In order to more clearly illustrate the embodiments of the present invention and the technical solutions in the prior art, the following description will be made with reference to the accompanying drawings. It is to be understood that the drawings in the following description are merely exemplary of the invention and that other drawings and embodiments can be derived by those skilled in the art without undue burden. The designation of the design orientation merely indicates the relative positional relationship between the respective members, not the absolute positional relationship.

Example one

According to a first aspect of the present invention, there are provided an inheritance method and apparatus for task suspension of an unmanned aerial vehicle, as shown in fig. 1, which is a flowchart of the inheritance method for task suspension of an unmanned aerial vehicle, and includes:

step S101: and selecting an external environment mark in the task execution process, and marking the external environment mark as a succession punctuation on the flying line.
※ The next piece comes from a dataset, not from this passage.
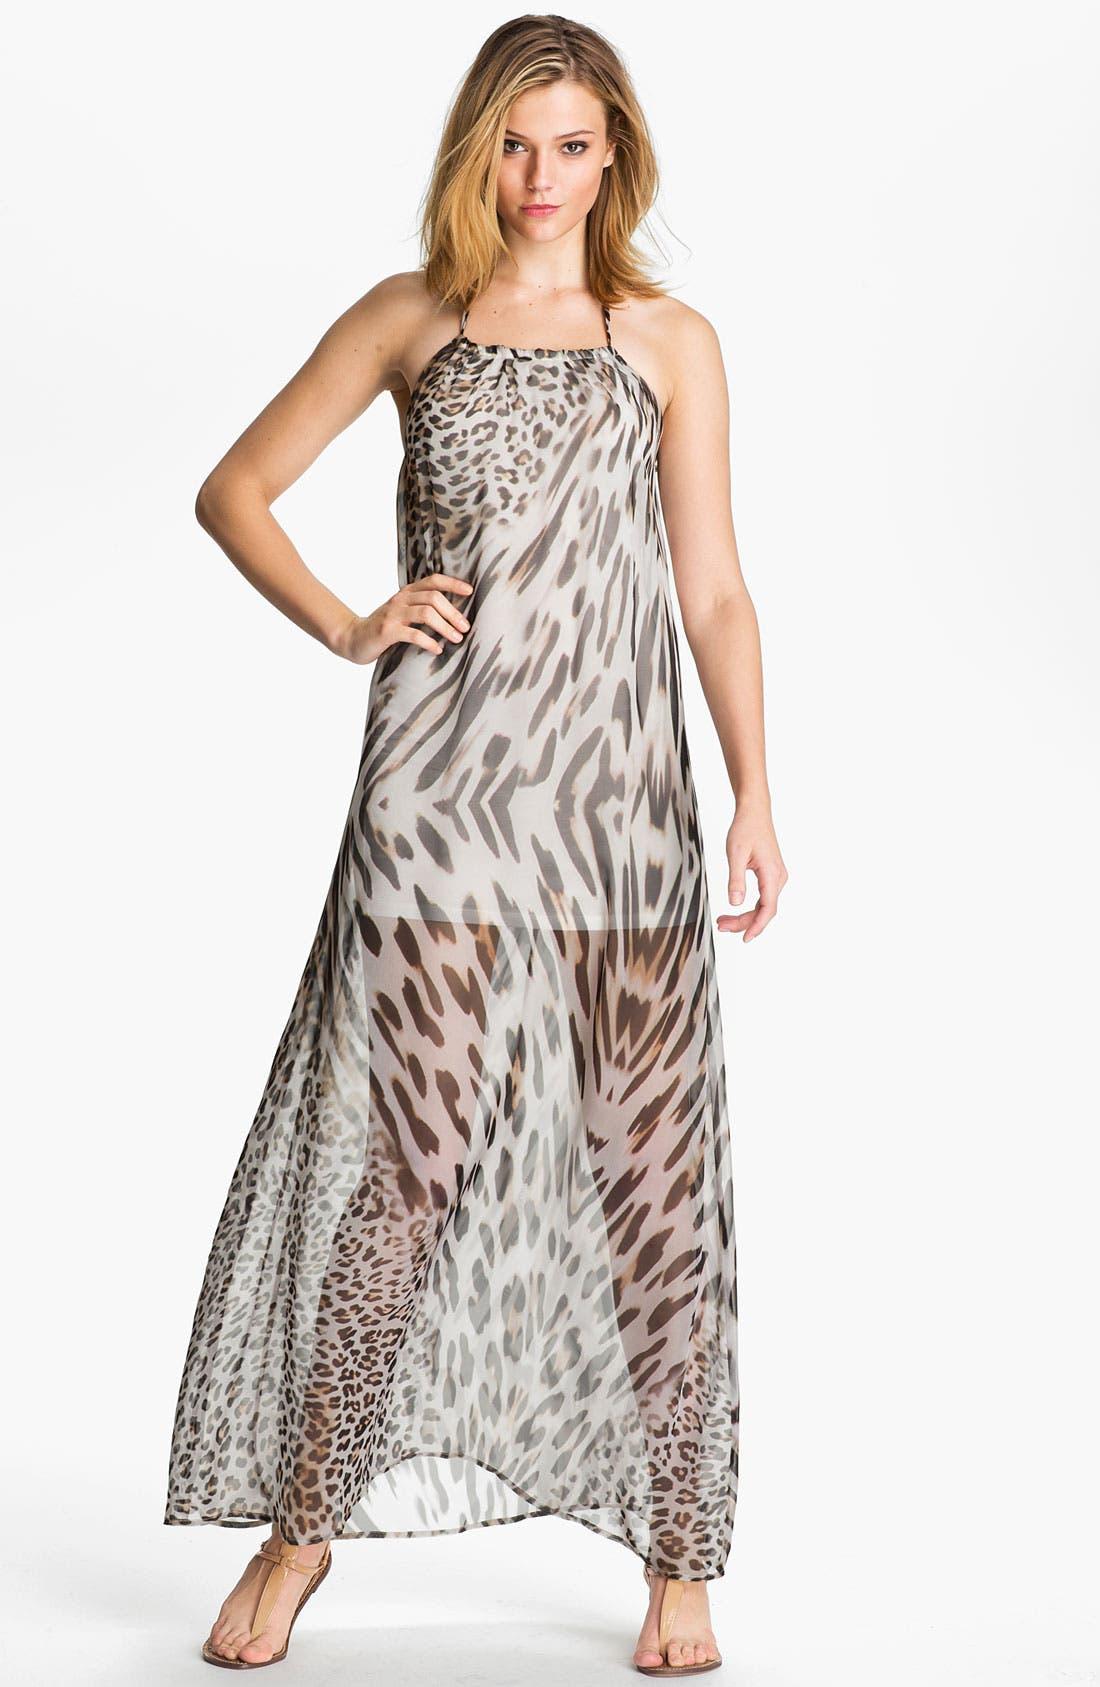 Main Image - Young, Fabulous & Broke 'Gila' Leopard Chiffon Maxi Dress

In the embodiment of the invention, when the unmanned aerial vehicle executes a task, the unmanned aerial vehicle can acquire external environment information while finishing the task requirement in the process of cruising according to a set route or a self-set route, and the acquired data can comprise landmarks and beacons.

Wherein, the landmark can be an actually existing marker, such as a tree, a billboard, etc.; the beacon can be an electric signal mark, such as an electromagnetic wave signal source, a WiFi signal source and the like.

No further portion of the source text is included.